I heard capt josh Rozier is a good guide. look him up.


----------



## Angler's Outlet (Dec 31, 2007)

I personally know and have fished with Capt Wes Rozier many times. I would recommend him.



Several more of the guides listed there are also good guides.


----------



## Travis Gill (Oct 6, 2007)

Cory Maxwelll with Doubled up fishing Charters

Chris Phillips with Hotspots charters

Tony Eddins Emerald coast charters ( I think that is the name of his business)

Three good ones that I know


----------



## John B. (Oct 2, 2007)

> *Freespool (3/11/2008)*Cory Maxwelll with Doubled up fishing Charters
> 
> Chris Phillips with Hotspots charters
> 
> ...


:withstupid


----------



## JoeZ (Sep 30, 2007)

Don't forget Dusty Powersin addition to all of the above quality captains. 

Fished with him on Sunday and after we counted it all up, it was damn fine day.

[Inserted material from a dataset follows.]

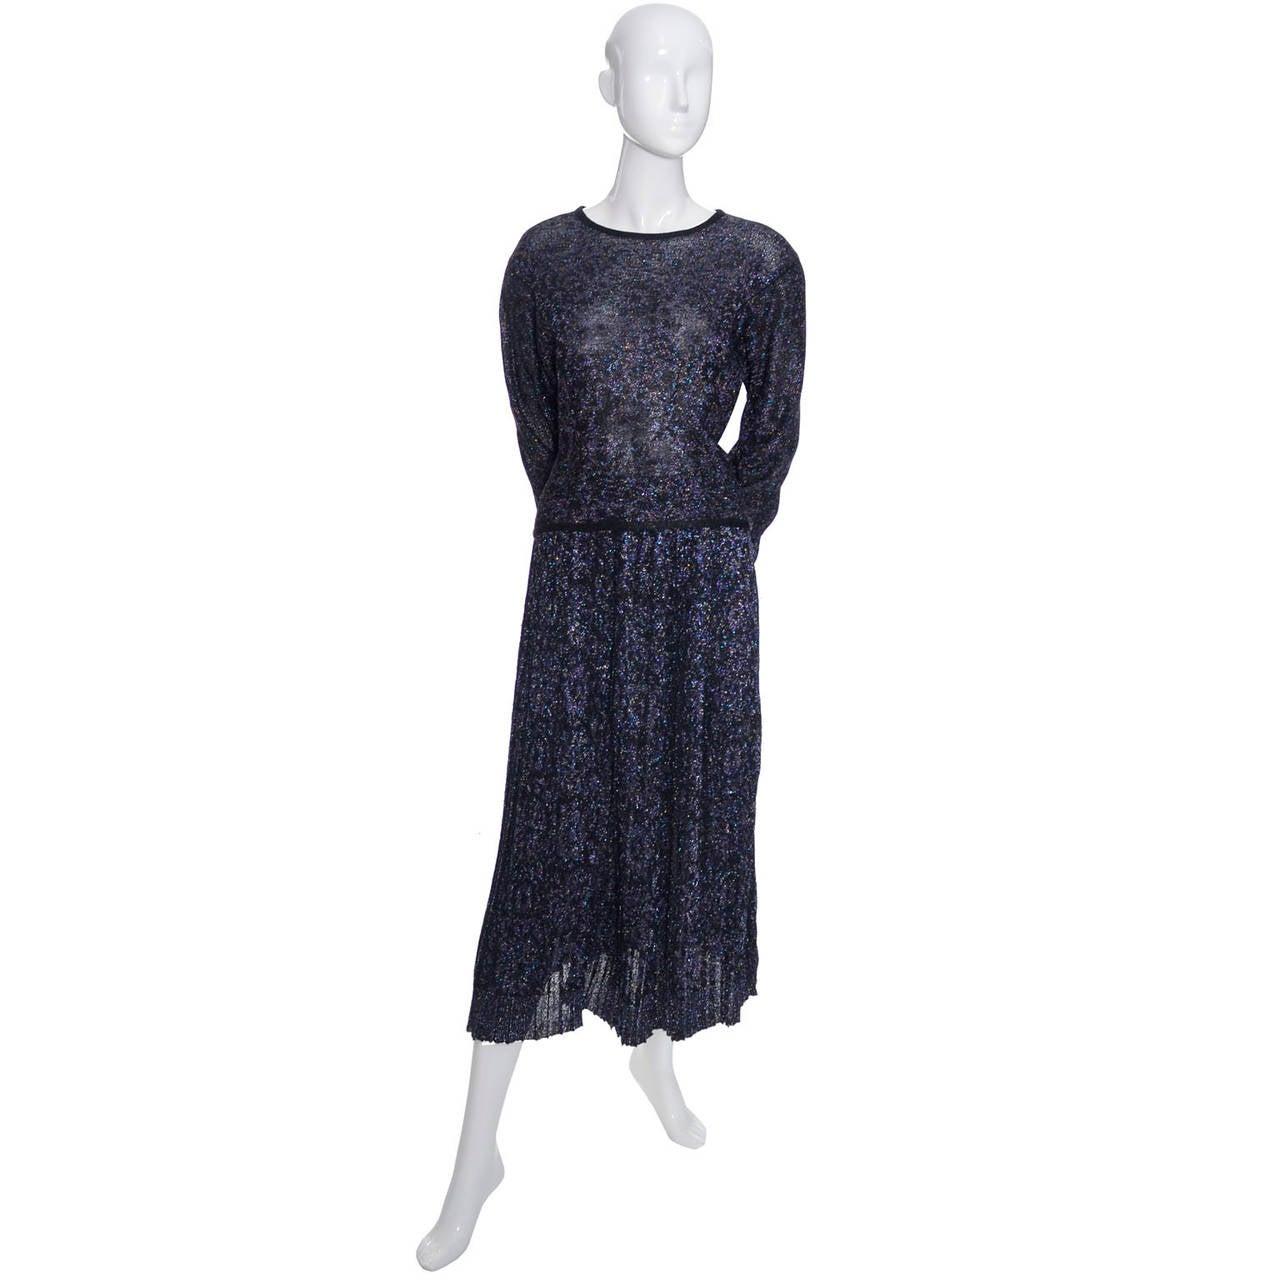 Black Missoni Metallic Sparkle Vintage Skirt Top Evening Outfit Saks Fifth Avenue For Sale
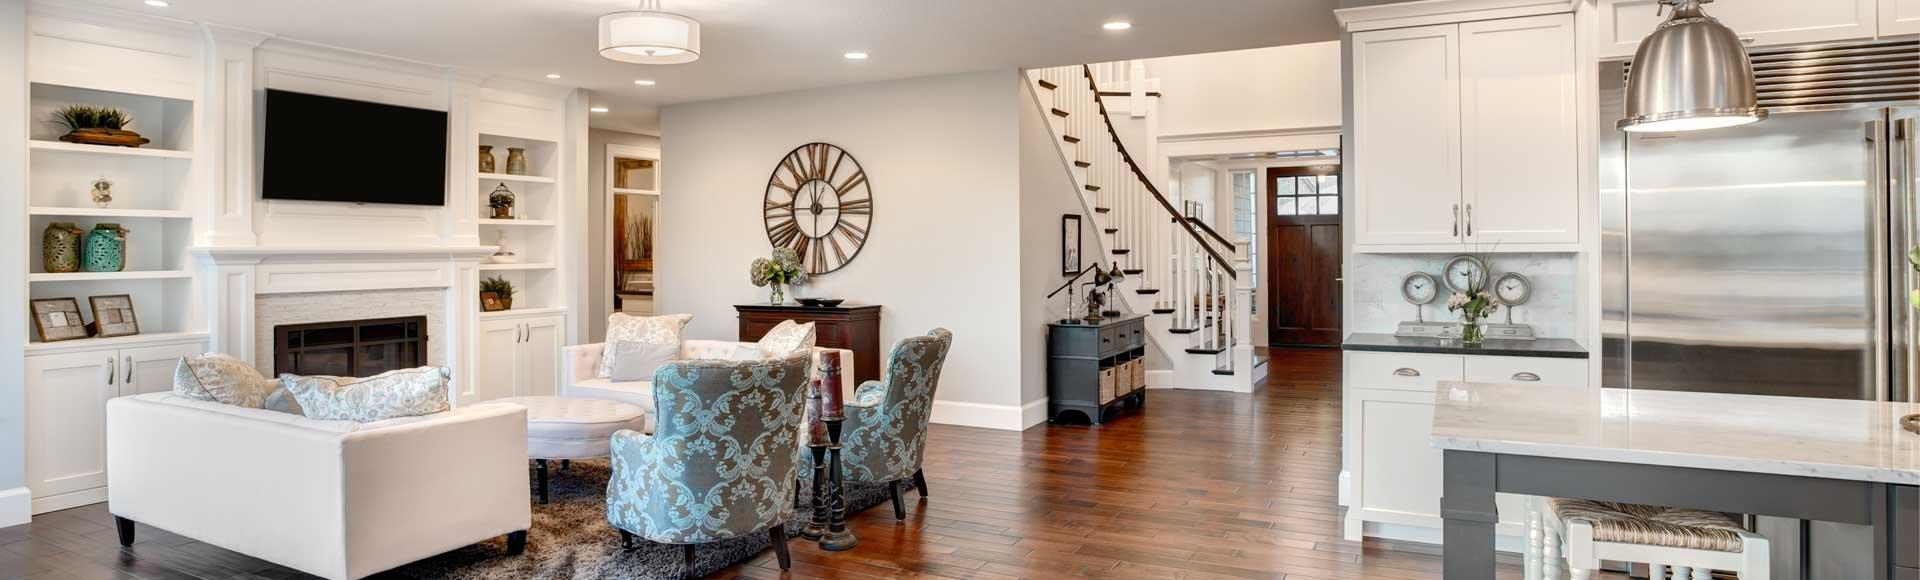 CYCT-Kitchen-Living-Room-Stairway-Scene_1920x580

10-12 reds, 6-8 specks (maybe) a few beers and lots of laughs.


----------



## RCB (Jan 29, 2008)

Did the same person take all the pictures with the lighthouse in the background?


----------



## mdrobe2 (Oct 12, 2007)

Beginning of list- Wes Rozier...end of list- Wes Rozier.

Mike


----------



## fisheye48 (Sep 28, 2007)

Capt DP is a class act!!!


----------



## Outta Line (Dec 1, 2007)

give me a call if interested in cabia fishing


----------



## JEC (Oct 2, 2007)

Capt. Wes Rozier, Fished last week with him, Learned alot.:bowdown


----------



## jrjIII (Mar 15, 2008)

capt. john rivers is a great guide has alot of knowledge about fishing this area and you wouldnt regret booking a trip with him.


----------



## captjoshrozier (Oct 4, 2007)

Thanks for the plug mistermogan, I really appreciate it. Give me a call, and next time you won't have to say "heard".

I agree with Angler's Outlet, mdrobe2, and JEC, Capt. Wes is always my top choice!


----------